Donald Trump busca coincidencias con su amigo Lázaro, en esta imagen creada con IA. Foto Midjourney
El éxito editorial y el concepto de autor como tal son creaciones muy recientes de la humanidad. Durante el maravilloso siglo XVI español, el mejor de los muchos siglos de historia de España, cobró fama una novela, por supuesto, anónima, que narraba en primera persona, en modo autobiográfico, la vida de Lázaro, un sinvergüenza que, contra todo pronóstico, se las arreglaba para renacer desde la nada al todo, del hambre a la abundancia y del vacío al gozo.
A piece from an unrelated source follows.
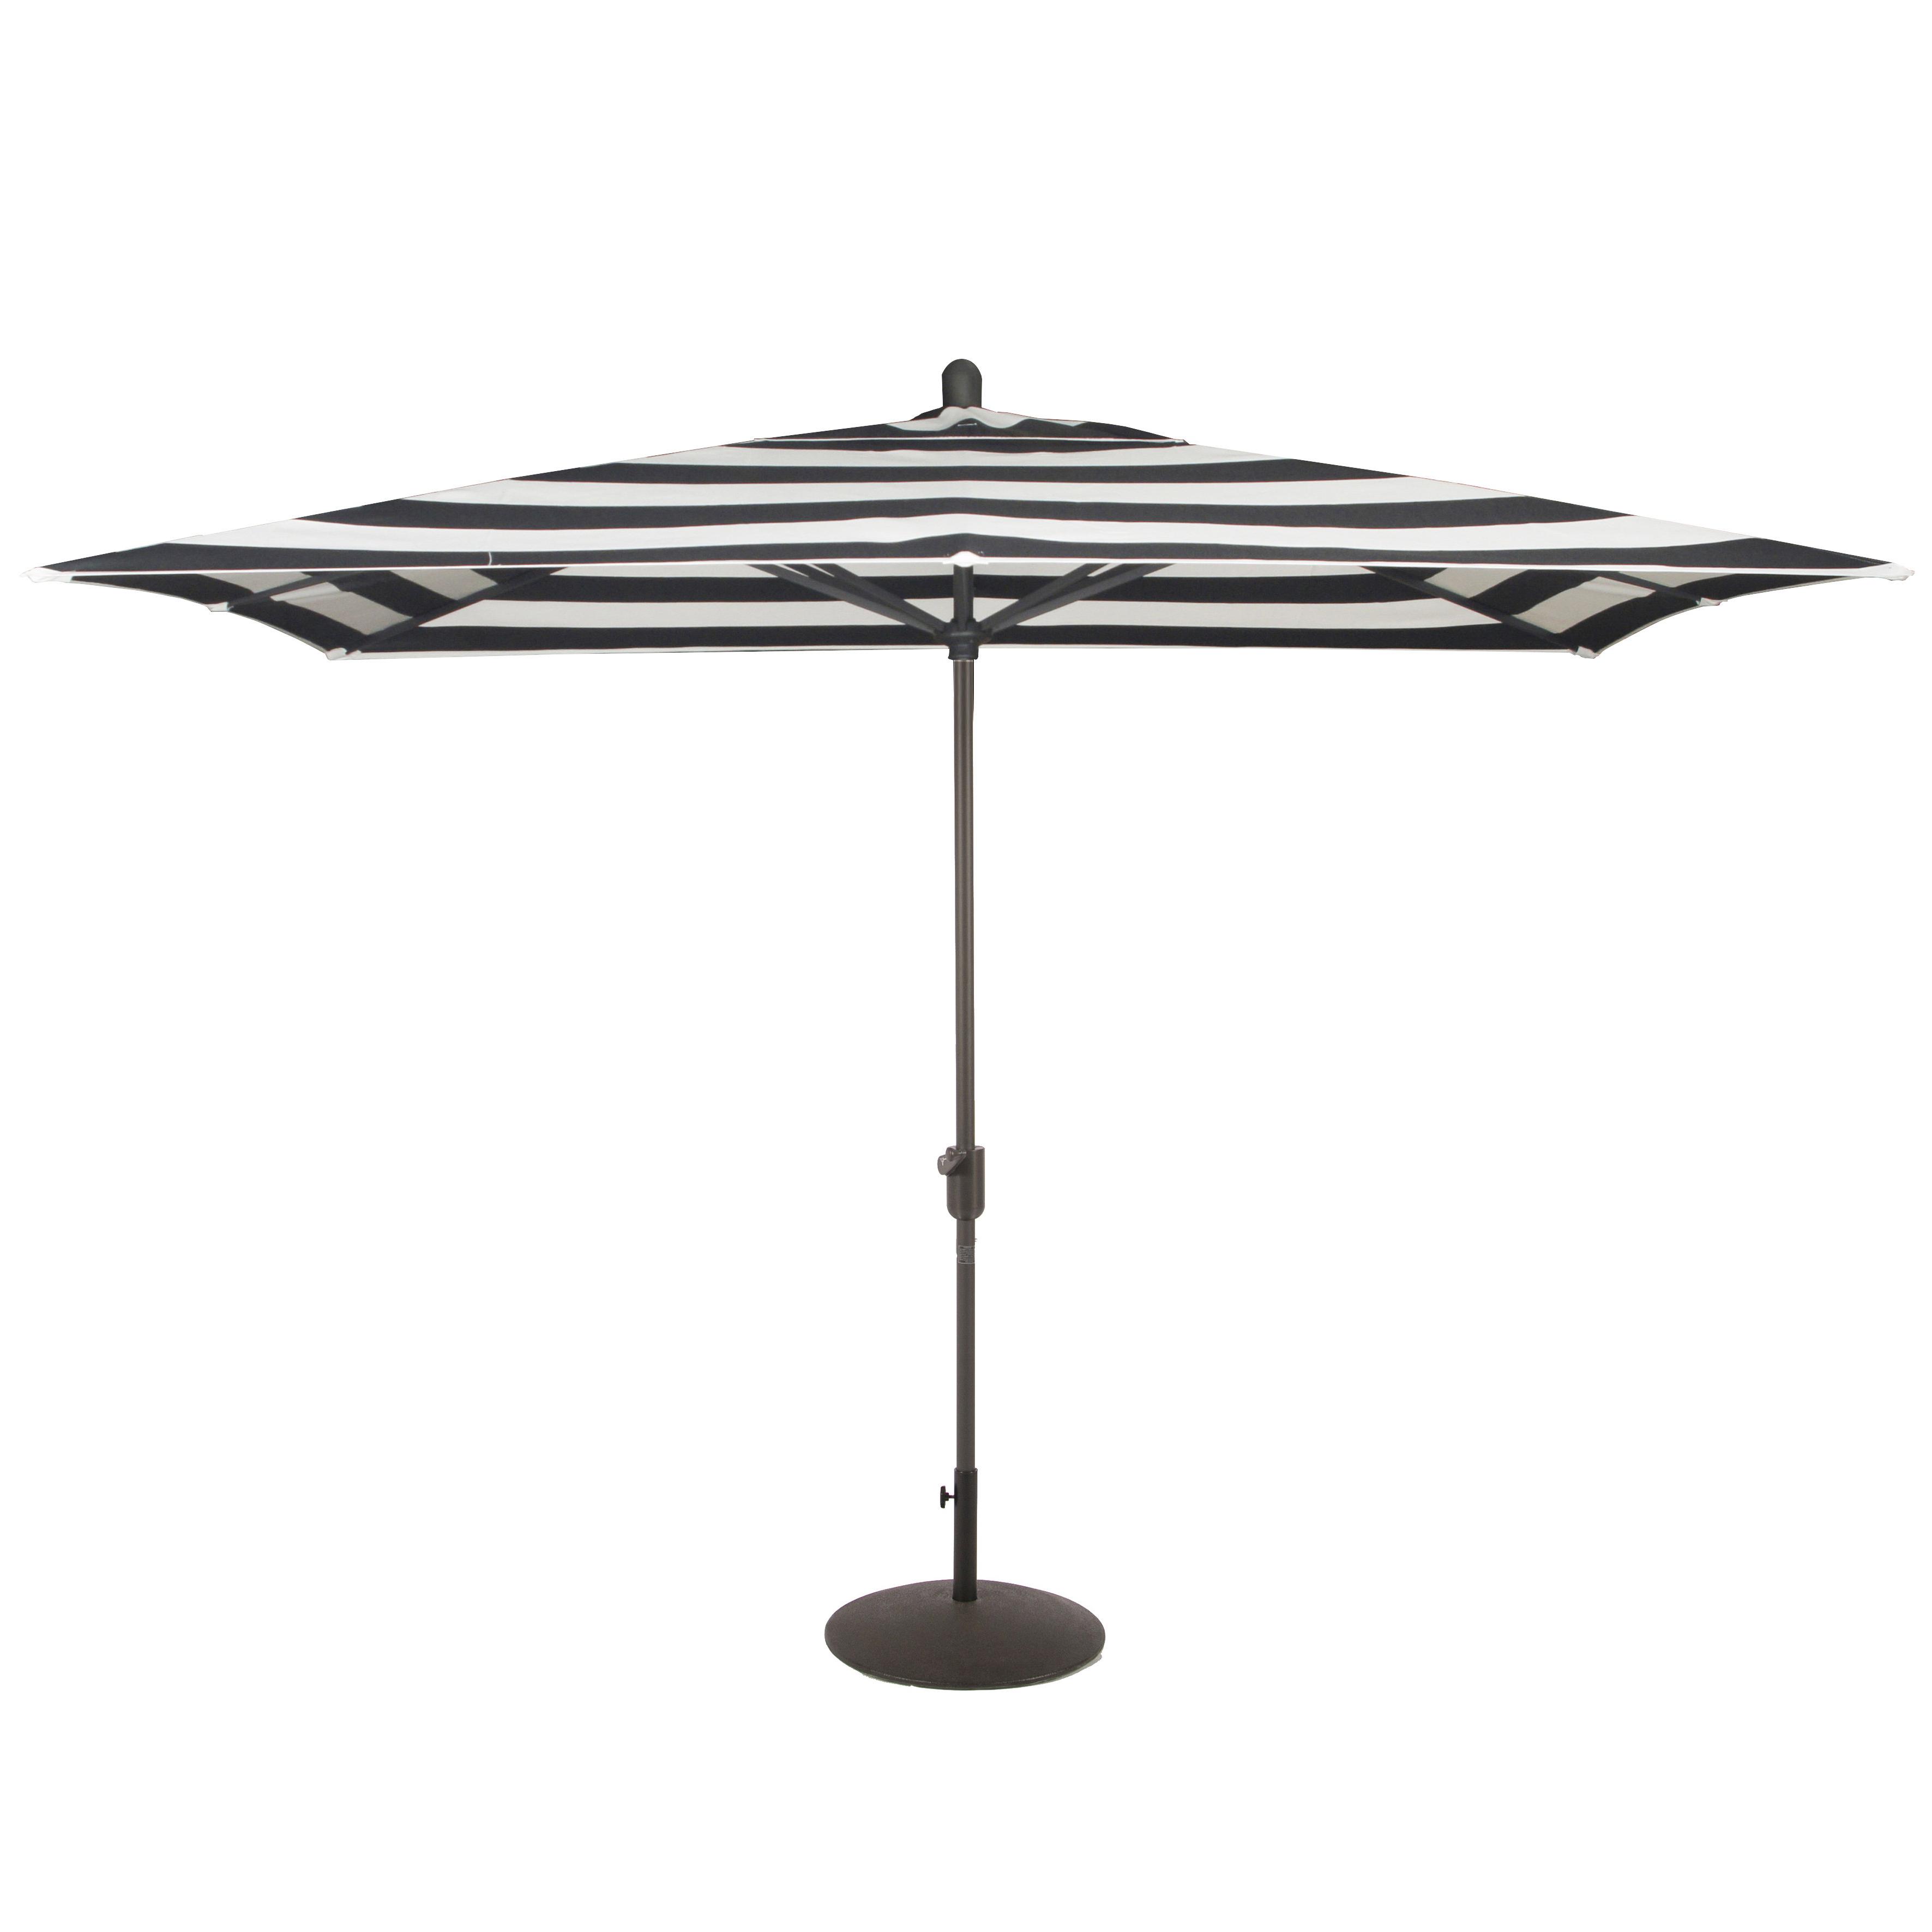 Latest Darwen Tiltable Patio Stripe Market Umbrellas With Wieczorek Auto Tilt 10' X  (View 12 of 20)

Se llamó “La vida de Lazarillo de Tormes y de sus fortunas y adversidades” y se trata de una formidable crítica a la sociedad de la época y el rol de la Iglesia católica. Obviamente, fue prohibida por la Iglesia y transcurrió durante 275 años mutilada, hasta pudo volver a imprimirse sin censuras. A diferencia de la posterior novela “El Quijote de la Mancha”, el protagonista que critica no es un adulto al que le faltan algunos jugadores, sino un niño, Lázaro, que comete pecados diversos para no morir de hambre, delatando así a la cruel sociedad de la época y a sus líderes más prestigiosos. Un protagonista infantil queda, desde ya, por demás legitimado para levantar una bandera de la rebeldía social. Como el Lázaro de la Biblia, pero sin un Jesús de por medio, el niño se rehace gracias a sus picardías y deshonestidades, ante sus amos, sobre todo, clérigos abusivos, abrasivos y corruptos.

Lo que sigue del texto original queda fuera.